__Work to be completed__.
Would you repeat the listing exactly, without any of its images?

__Information shown__.
---*---

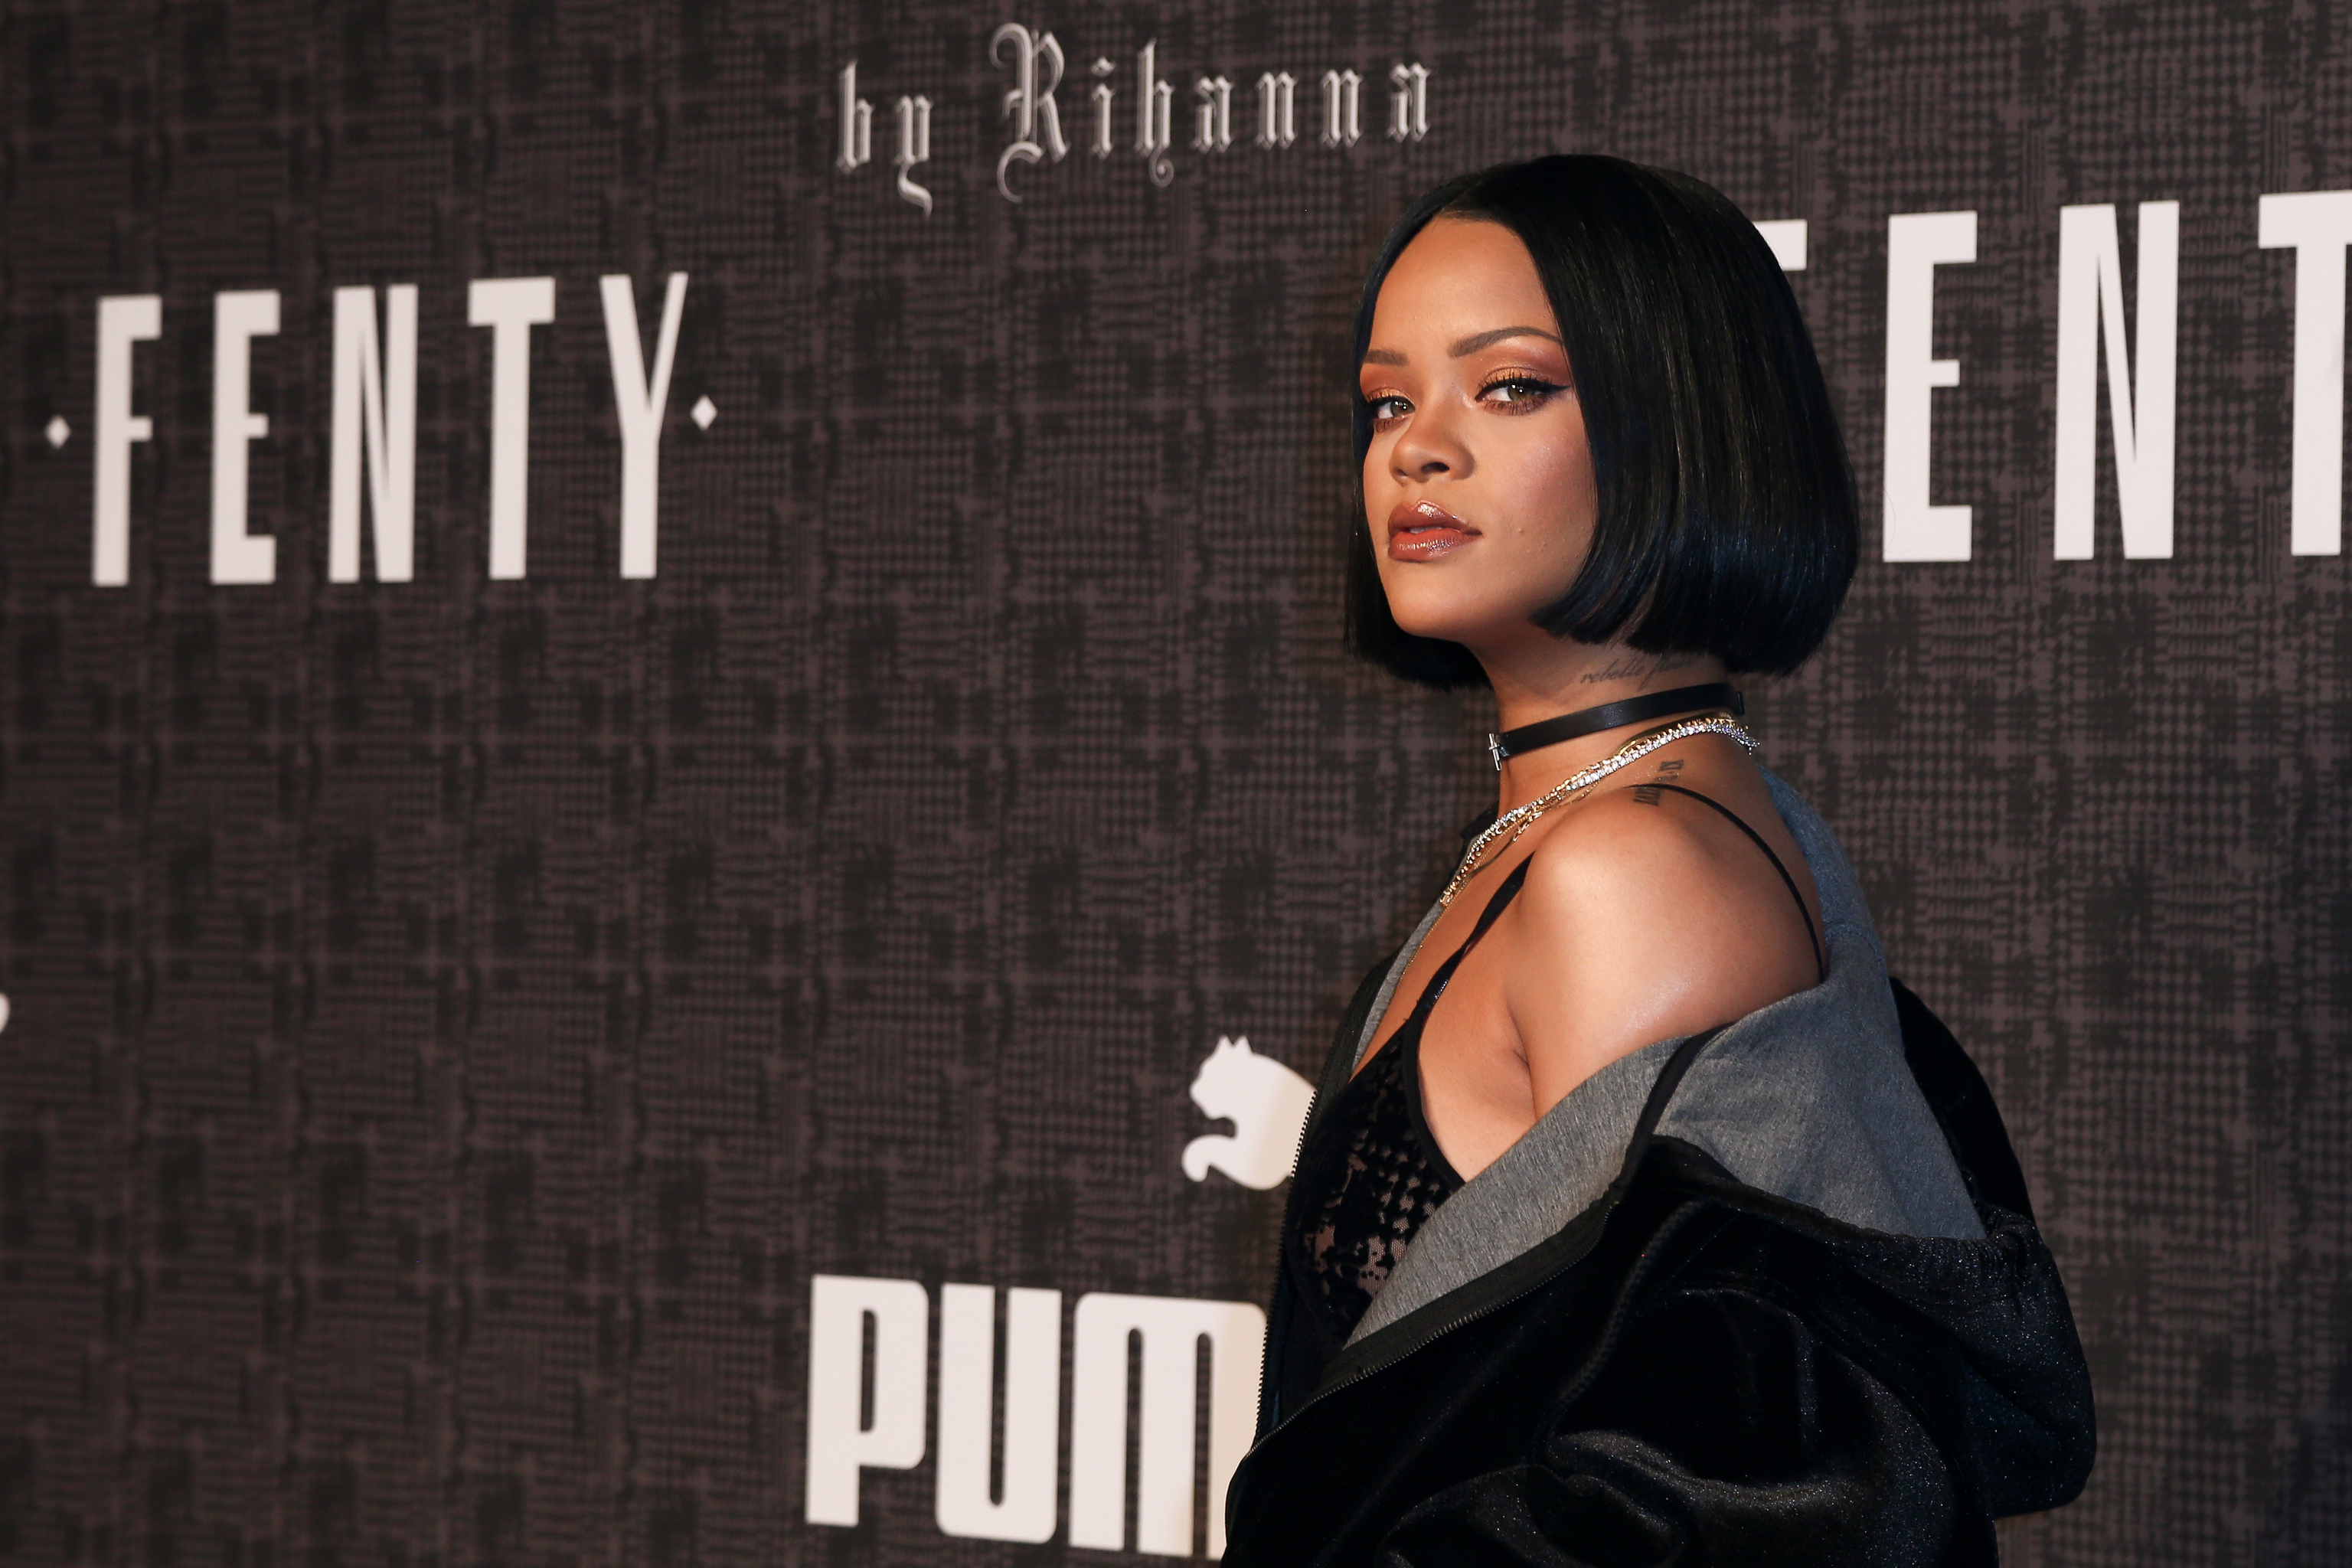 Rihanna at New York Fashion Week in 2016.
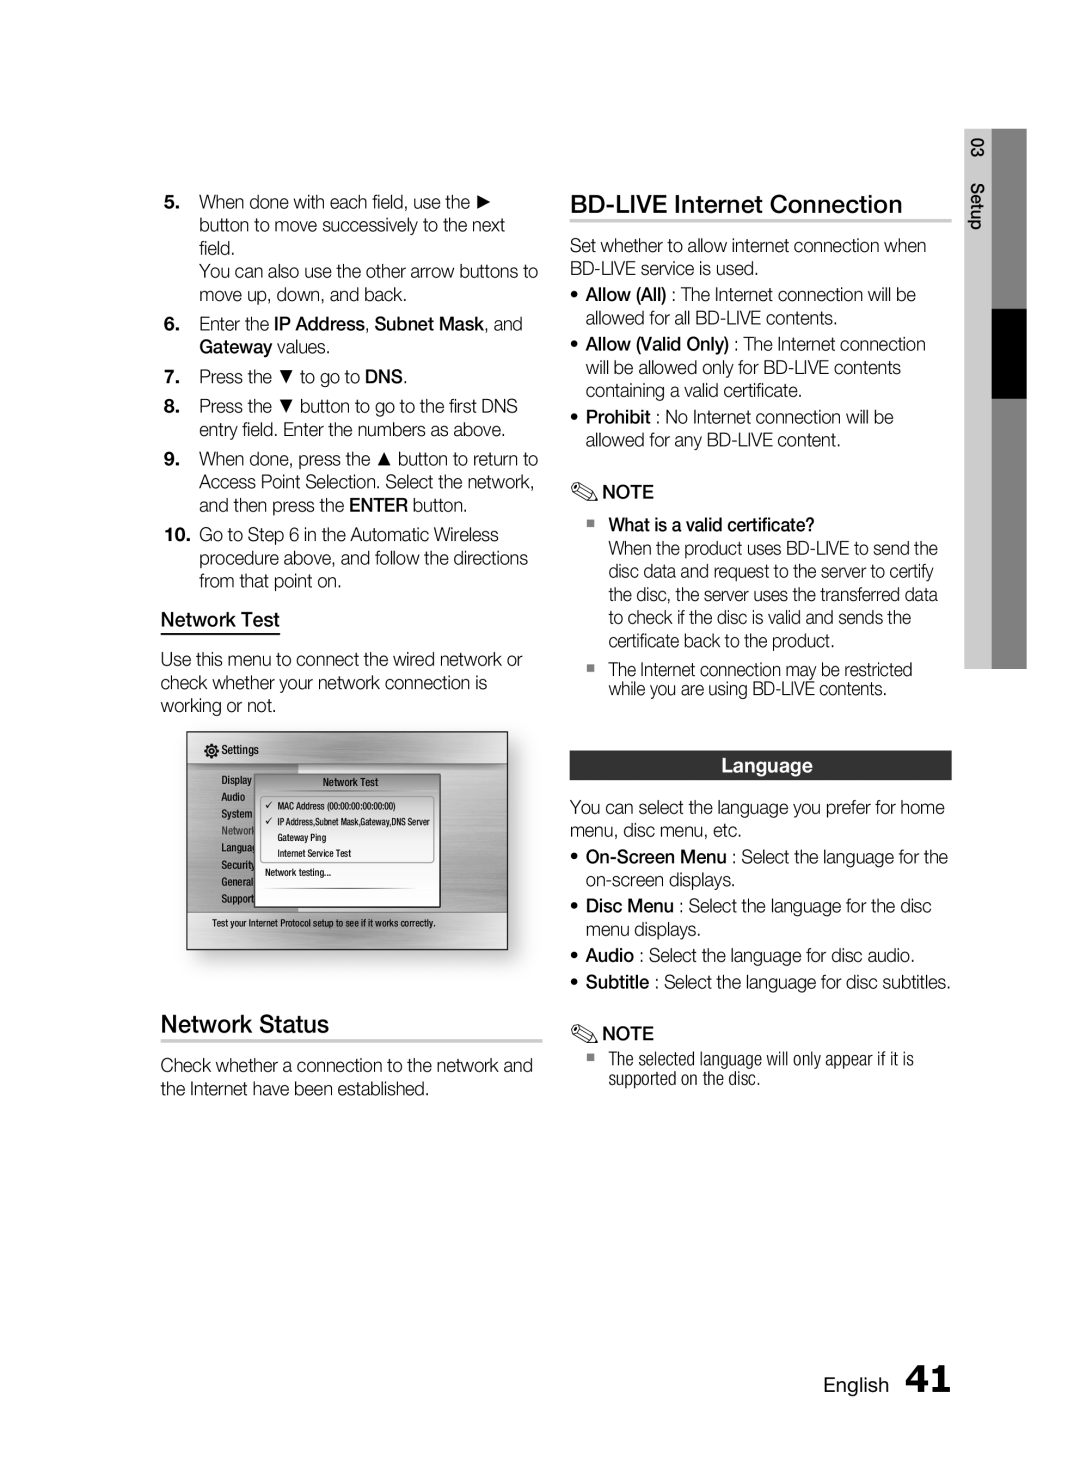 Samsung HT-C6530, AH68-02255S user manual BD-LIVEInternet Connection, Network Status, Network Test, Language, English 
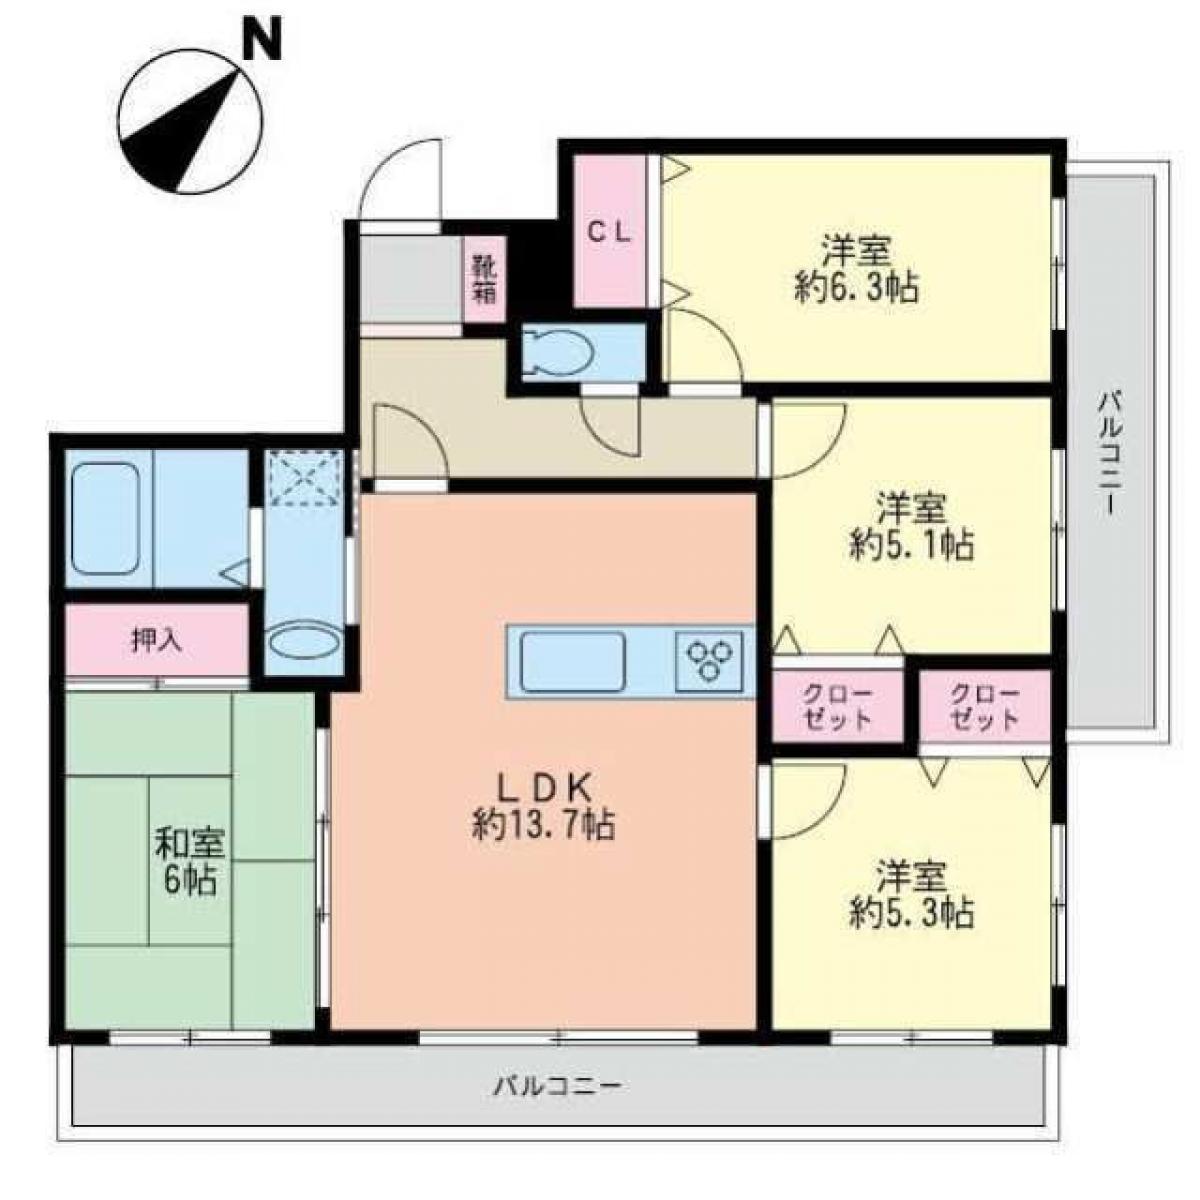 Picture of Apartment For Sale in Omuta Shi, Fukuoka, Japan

---*---

__Exercise solution__.
 Rihanna at New York Fashion Week in 2016.
 Samsung HT-C6530, AH68-02255S user manual BD-LIVEInternet Connection, Network Status, Network Test, Language, English 
 Picture of Apartment For Sale in Omuta Shi, Fukuoka, Japan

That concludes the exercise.